08:00:41 <dalees> #startmeeting magnum
08:00:41 <opendevmeet> Meeting started Tue Jun 10 08:00:41 2025 UTC and is due to finish in 60 minutes.  The chair is dalees. Information about MeetBot at http://wiki.debian.org/MeetBot.
08:00:41 <opendevmeet> Useful Commands: #action #agreed #help #info #idea #link #topic #startvote.

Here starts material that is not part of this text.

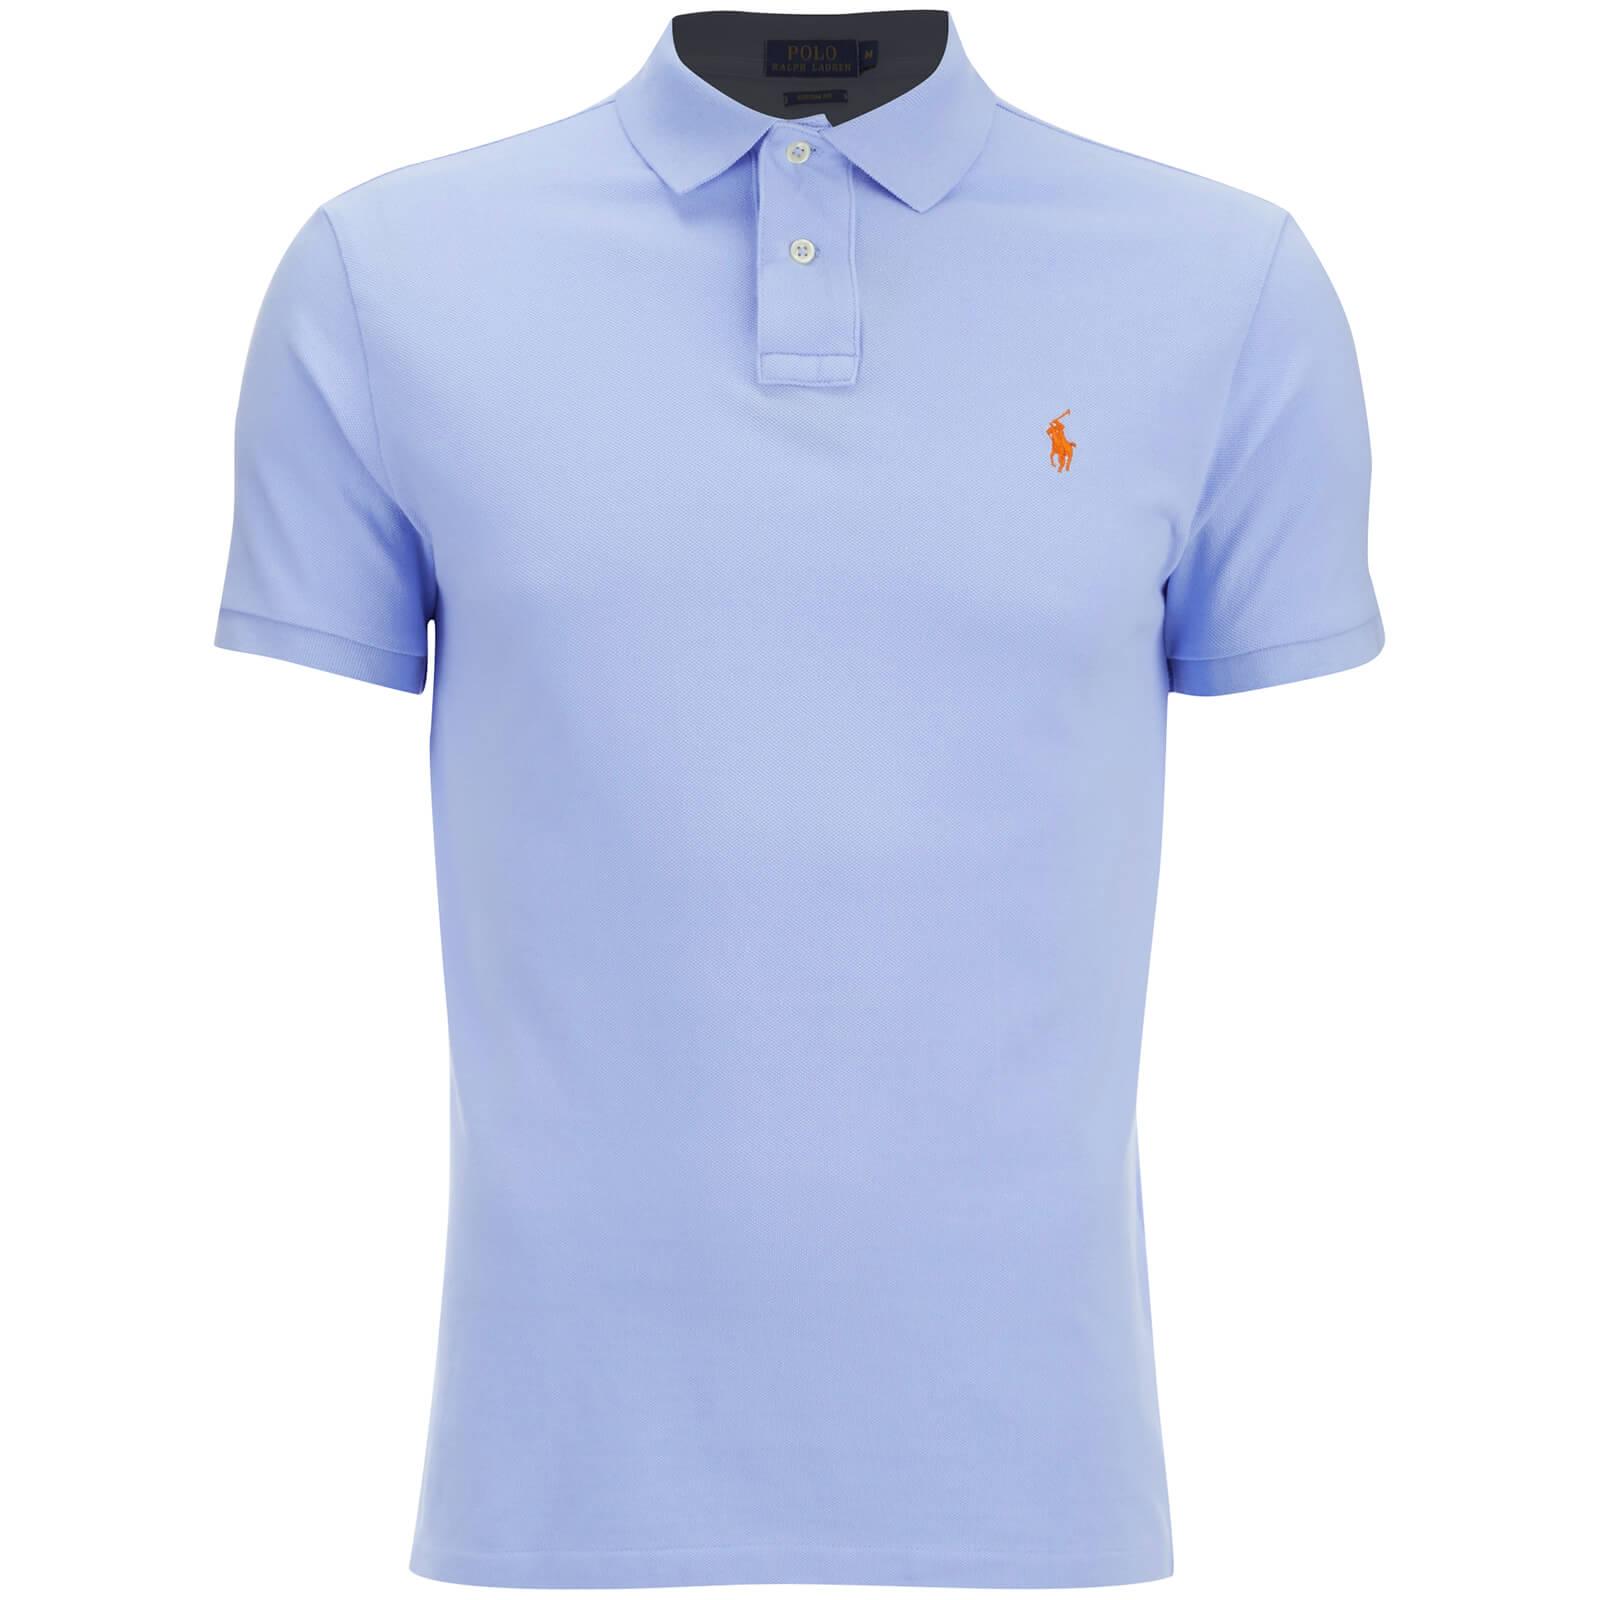 Fit Ralph Shirt Polo Blue Pebble Men's Custom Lauren rthCBdsQx

08:00:41 <opendevmeet> The meeting name has been set to 'magnum'
08:00:46 <dalees> #topic Roll Call
08:00:55 <dalees> Hi all o/
08:01:43 <sd109> Hi Dale
08:03:43 <dalees> just waiting for any others, I'm sure jakeyip is around
08:04:02 <jakeyip> o/
08:05:53 <dalees> #topic Reviews
08:06:18 <dalees> alright let's get started; a few reviews to discuss in the agenda. Please add any others
08:06:36 <dalees> the first is `Pin OpenStack release version in Devstack script`: https://review.opendev.org/c/openstack/magnum-capi-helm/+/940249
08:08:17 <sd109> I added this one, just wanted to try and get it over the line because myself and all of my StackHPC colleagues have been cherry-picking that patch into every devstack environment so that we can test and develop against specific OpenStack versions rather than being at the whims of (sometimes broken) master branch
08:09:40 <dalees> ok - it appears designed to have no functional changes unless you hardcode a different `OPENSTACK_VERSION` at the top of that file?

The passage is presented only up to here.